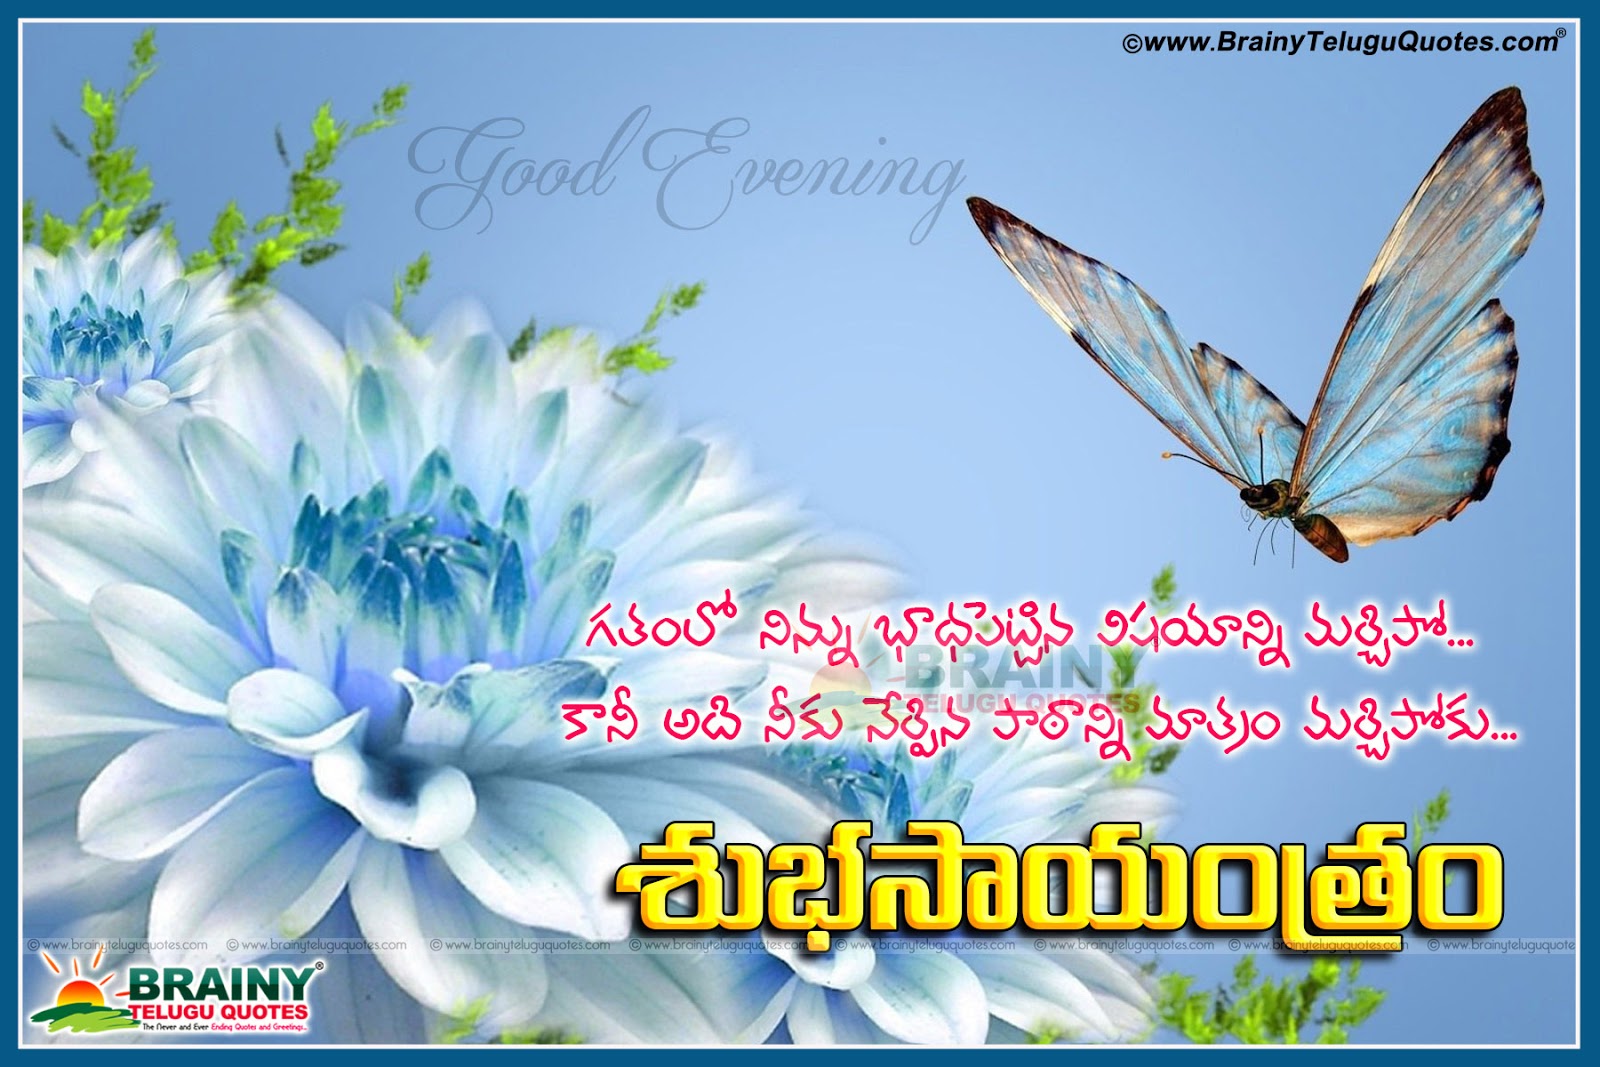 Imagenes De Good Morning Telugu Quotations Videos
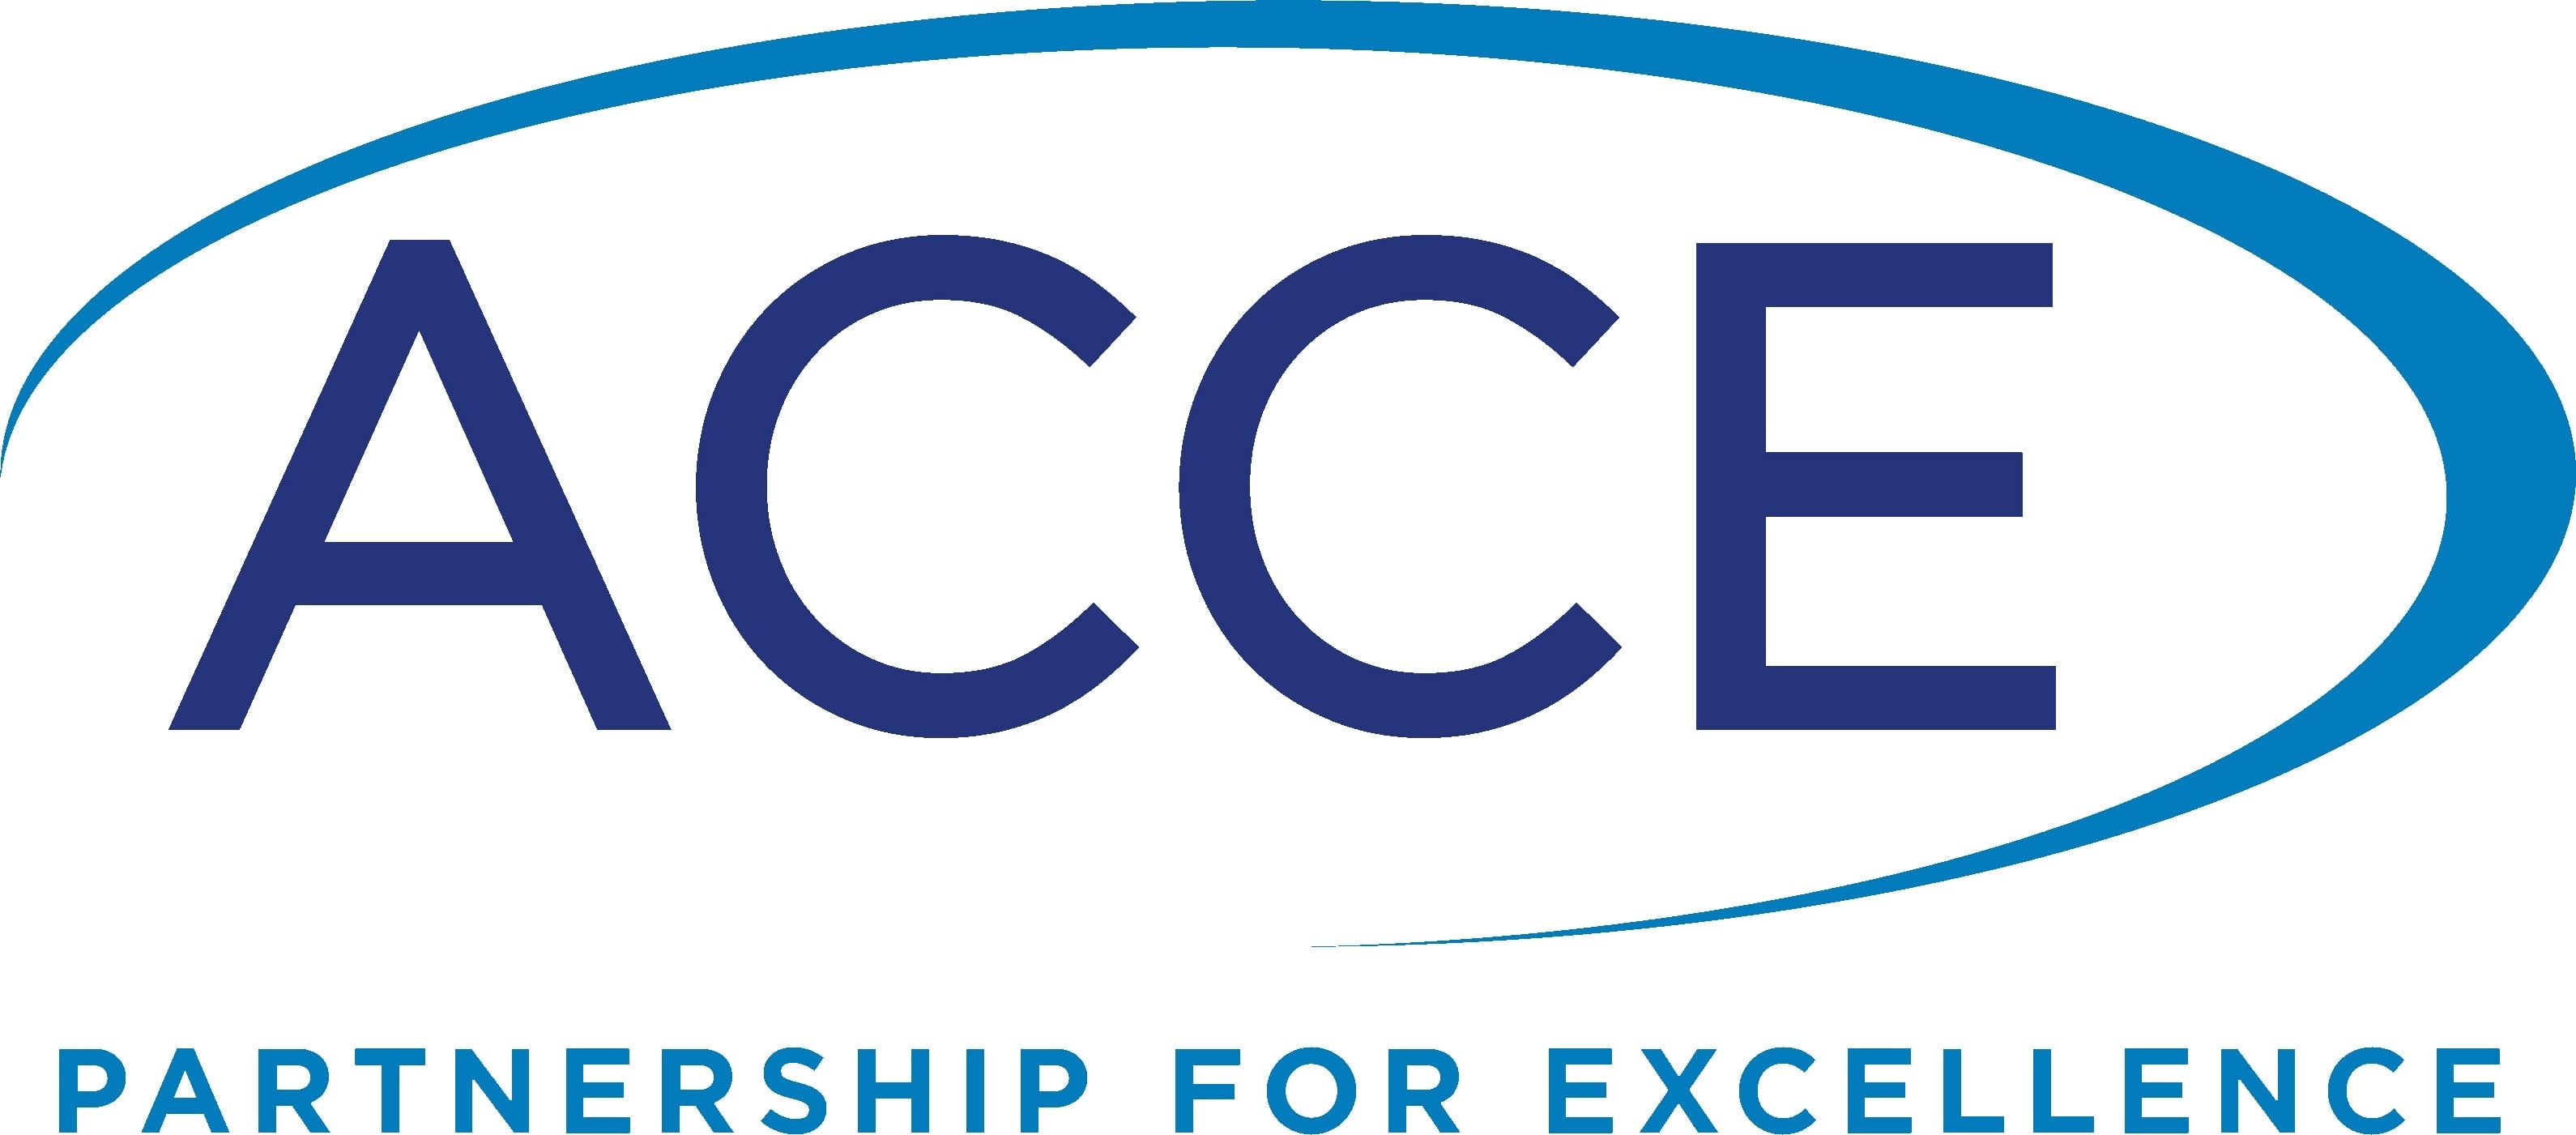 ACCE Logo
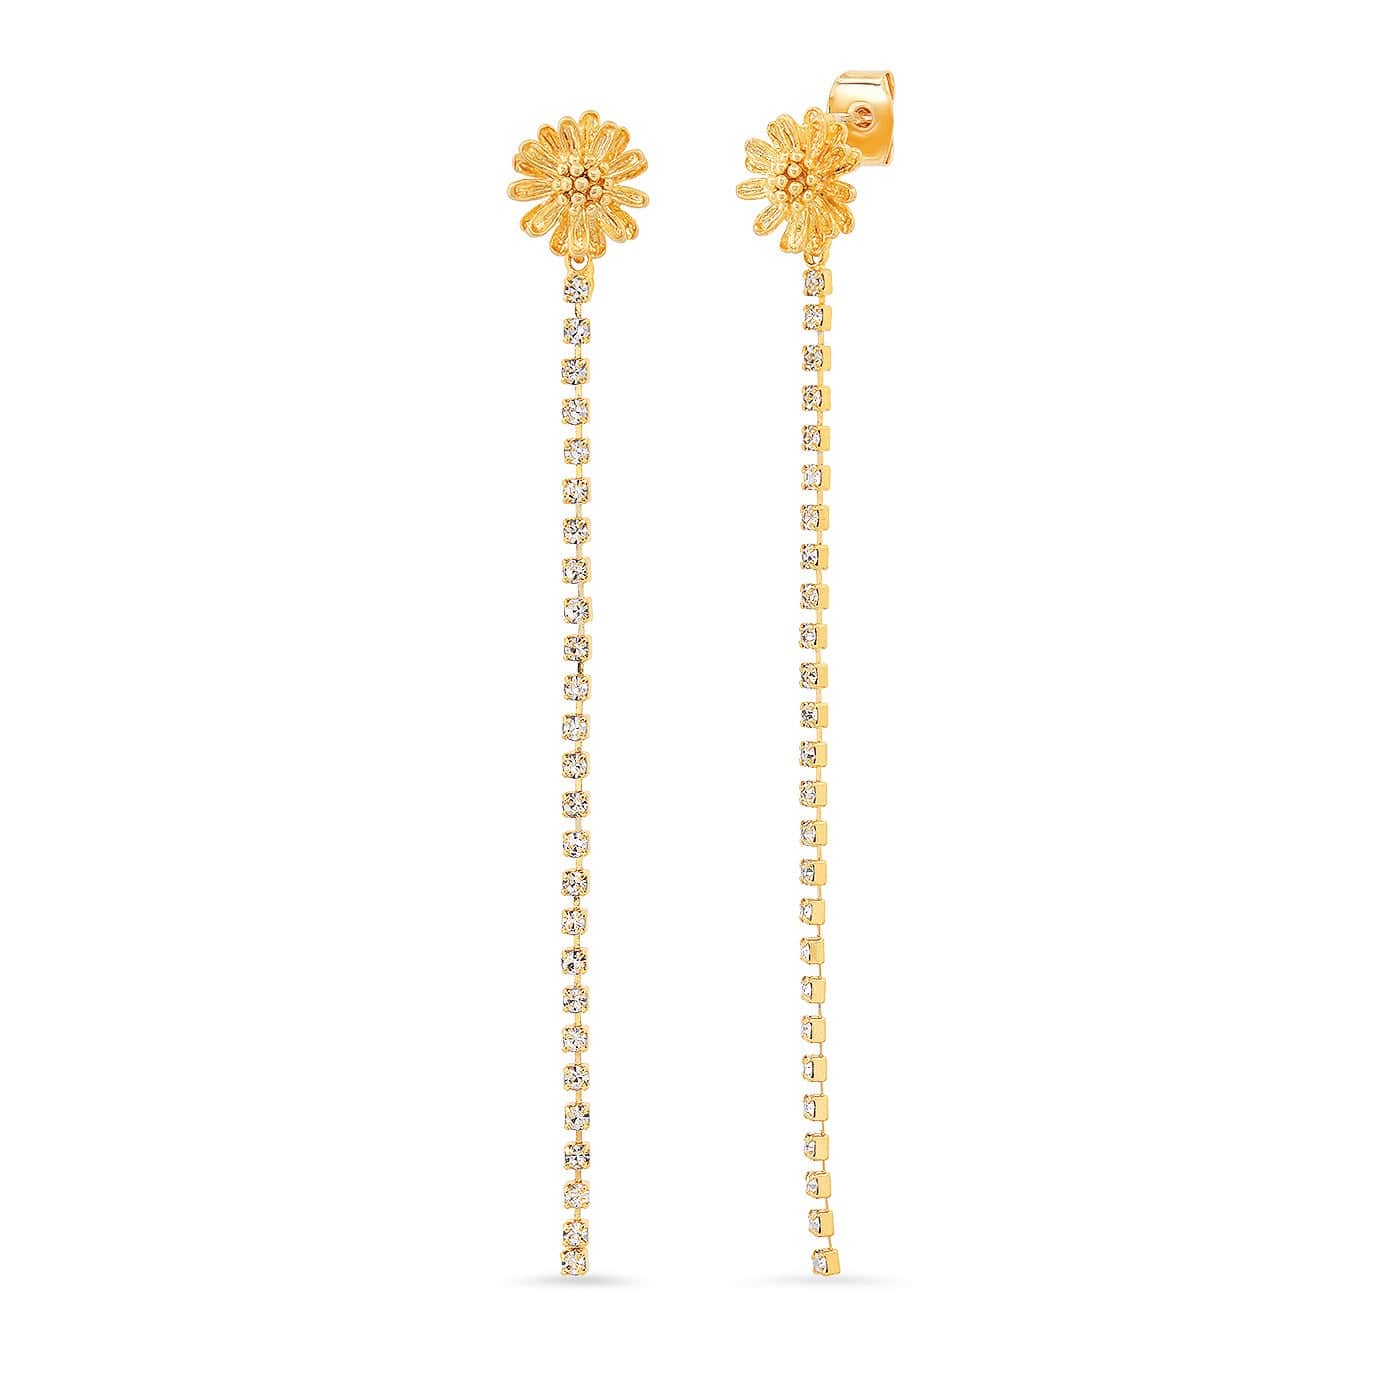 TAI JEWELRY Earrings Flower Studs with CZ Linear Drop

BRIEF. Restate the listing word for word. Pictures do not belong in the copy.

EXERCISE SOLUTION.
 Imagenes De Good Morning Telugu Quotations Videos
 ACCE Logo
 TAI JEWELRY Earrings Flower Studs with CZ Linear Drop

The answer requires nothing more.